Recently, Microstable online monitoring of a group of foreign hackers since 2015, began to register adtool.tech, jam-software.xyz, robomirror.xyz, electrum-wallet and other phishing host management tools Bitcoin wallet website domain name, used to spread bundled backdoor tool software, once users download from these sites adtool, robomirror, electrum and other tools, will be the host cryptocurrencies-related data back to the hacker's C.C. server.

When Electrum wallets are synchronized with malicious servers, they are instructed to "update" clients provided by hackers, resulting in the loss of assets contained in older versions. Previously, in December 2018, Electrum.

Electrum upgrade.

Electrum upgrade.

Hackers have hacked Electrum wallets and so far stolen 200 BTCs from users.

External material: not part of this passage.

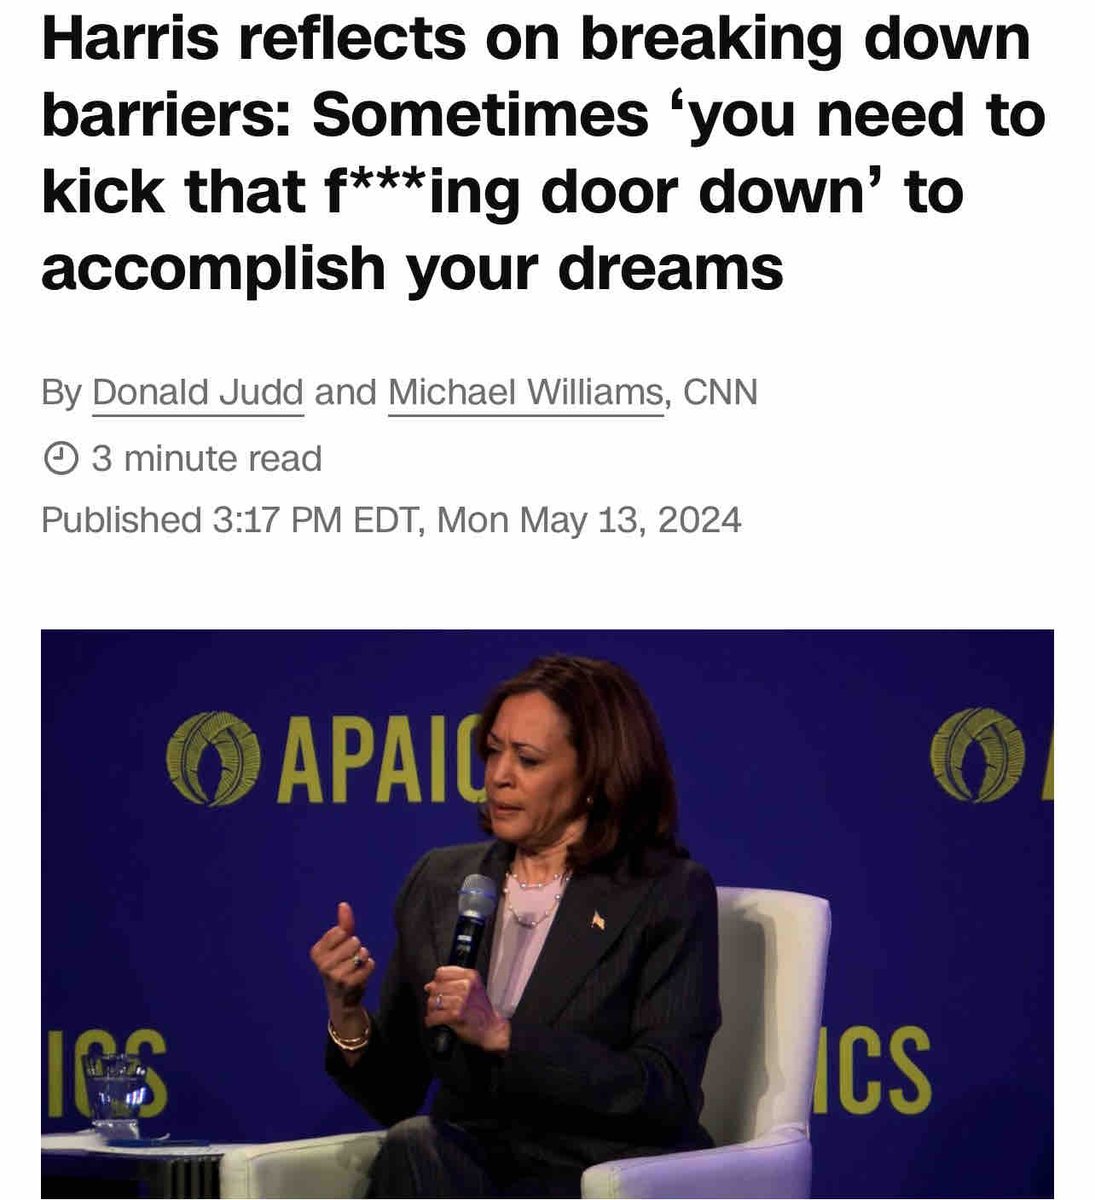 “Vice President Kamala Harris on Monday reflected on her experiences as a barrier-breaking public figure, telling a crowd in blunt terms that sometimes they need to take it upon themselves strive for their own opportunities” ow.ly/Bkoi50RF4XW
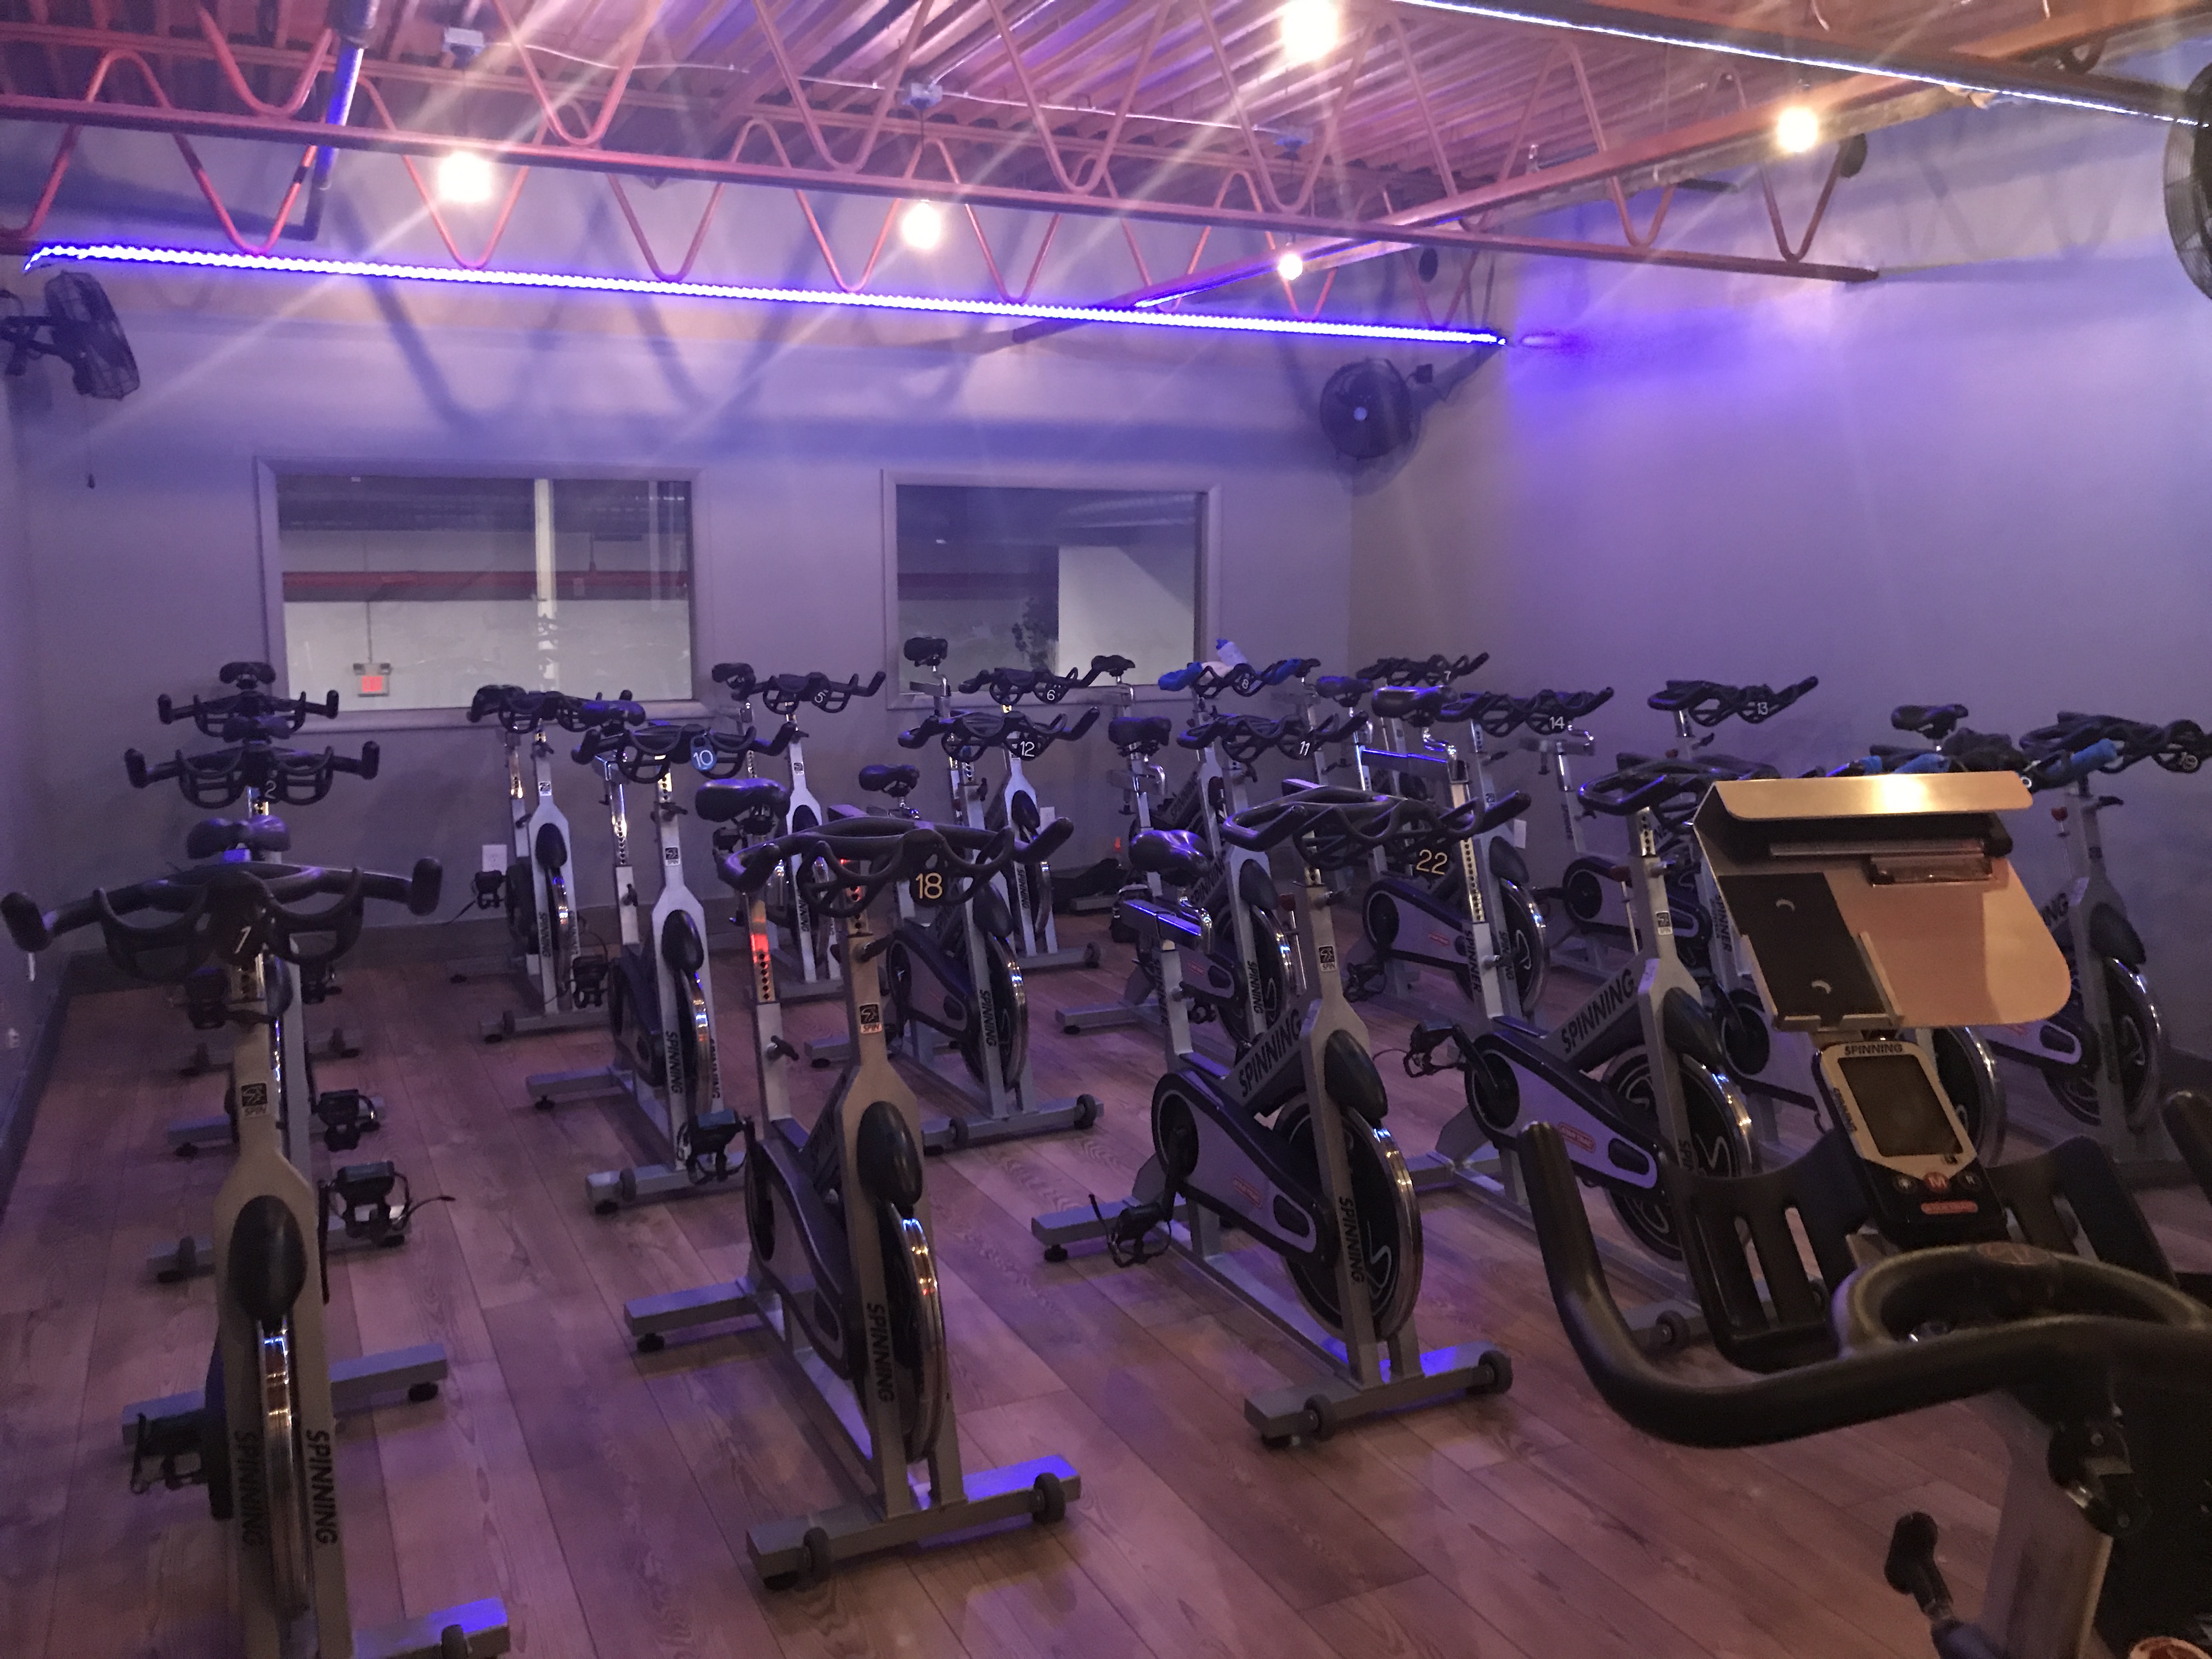 Try out our Offical Spinning Classes at Fit Happens

Electrum is a popular software wallet that works by connecting to a dedicated server. These servers receive a hash of the Bitcoin address in the wallet and reply with transaction information. Electrum wallets are fast and have few resources, but by default, it connects to these servers and can easily monitor users. In addition to Electrum, some other software uses public Electrum servers. By 2019, it is a faster and better alternative to BIP37.

Electrum 0.18.8 is available for details at github.

According to information posted on social media on December 27th, Electrum's wallet was hacked and nearly 250 bitcoins ($937,000) were maliciously stolen, coinelegraph reported. Electrum later confirmed that the attack included creating a fake version of the wallet and tricking users into providing password information. Reddit user u/ normal_rc that hackers set up a large number of malicious servers. Electrum responded on Twitter today that "this is a persistent phishing attack against Electrum users" and implored users to check the effectiveness of the resources they log on to.

It's not hard to run your own Electrum server and point your wallet to just use it. This restores Electrum to the point where it has the same privacy and security attributes as the full node, where no one else can see the address or transaction that the wallet is interested in. Electrum then becomes an all-node wallet.

Bitcoin wallet Electrum official Twitter announced that the next version of Electrum will support Lightning online payments. Its lightning node implementation has been consolidated into the main branch of Electrum. Electrum also confirmed that the wallet will adopt a new implementation of in-house development written using Python.

Electrum Wallet is one of the most popular Bitcoin wallets and has been around for several years. However, Electrum wallet users often rely on Electrum servers, which presents some security and privacy trade-offs. If you use electrum personal servers, Electrum wallet users can connect locally to their own private servers, enjoying the convenience of Electrum without any trade-offs.